Full Circle is the fourth studio album by American rock band Creed, released on October 27, 2009. It was Creed's first release since disbanding in June 2004, prior to the release of their Greatest Hits compilation album in November 2004, and was their first studio album since Weathered in November 2001, as well as their first with their original bass guitarist Brian Marshall since his departure in August 2000. The record was produced by Howard Benson. The album was completed on July 31, 2009, as announced by Scott Stapp. The album cover was revealed through the band's official e-news on August 4, 2009. A two-disc version of Full Circle was released and contained a DVD with bonus content. The album had three music videos created for it: "Overcome" and "Rain" in 2009 and "A Thousand Faces" in 2010.

==Title==
The title of the album makes reference to the instrumental band members coming "full circle" with Scott Stapp to reform the band. The title track is about the Creed reunion and how it feels to be together as a band again.

==Tour==
The 2009 Creed Reunion Tour began on August 6 in Pittsburgh, Pennsylvania, and concluded on October 20, 2009, in Hidalgo, Texas. Originally, Flyleaf and Fuel were to be the opening bands, but the New Zealand band Like A Storm and Hoobastank opened for Creed in the first leg of the concert, while Lo-Pro and Staind opened for the second leg, with Saliva doing the last five dates and Like a Storm returning near the end of the tour.
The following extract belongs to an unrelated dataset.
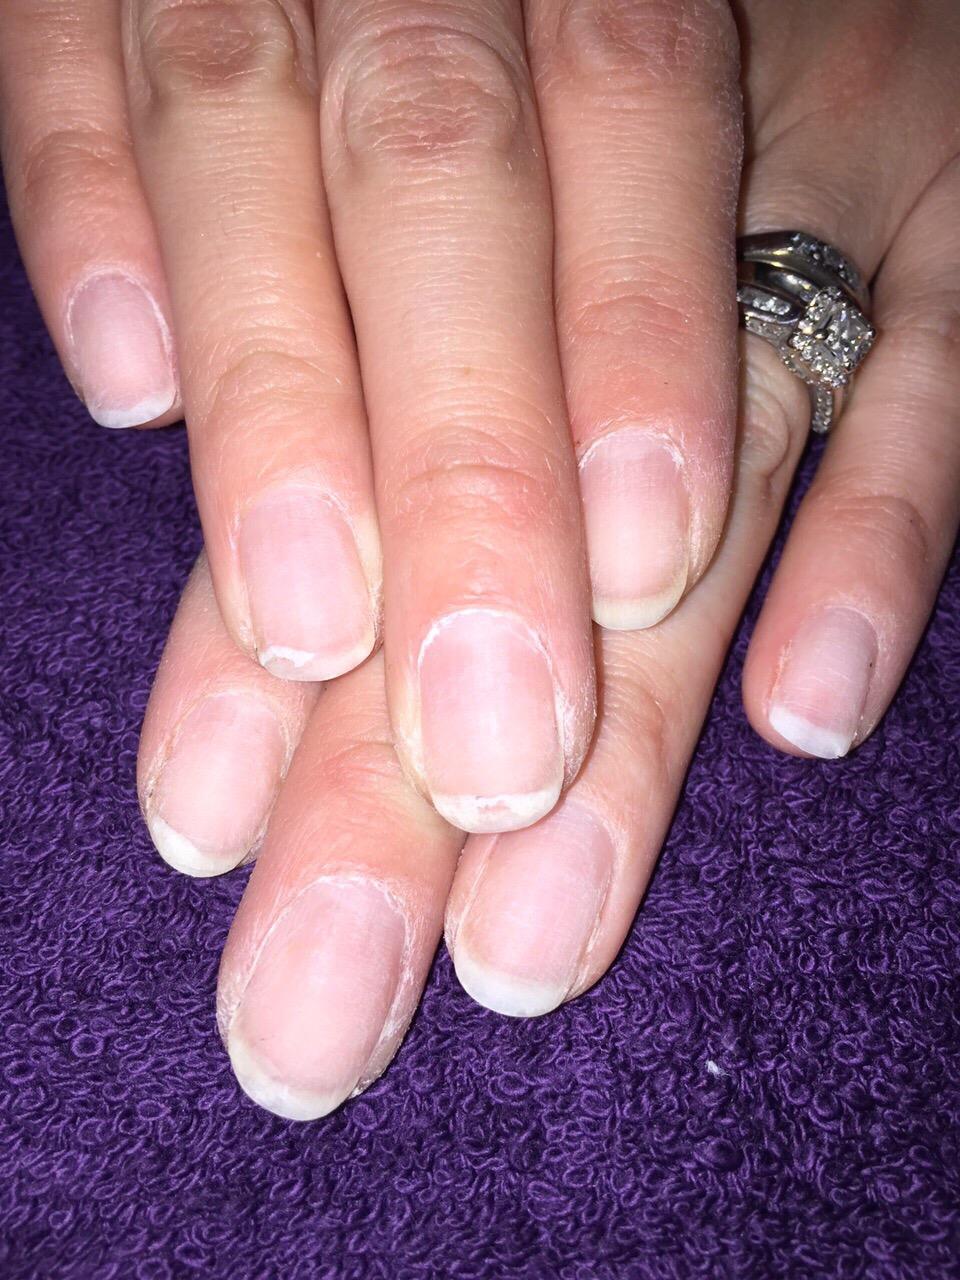 ibx treatment – moonshinesnails

This reunion tour featured all of the original members of the band as well as the former Submersed guitarist Eric Friedman, a friend of Mark Tremonti's who performed rhythm guitars and backing vocals. The band played five songs ("Overcome", "Rain", "Bread of Shame", "Full Circle" and "A Thousand Faces") from their album Full Circle, as well as old hits throughout the tour. The band later went on to play "Suddenly" during their 2010 Summer tour, and "Time" during their 2012 Summer tour.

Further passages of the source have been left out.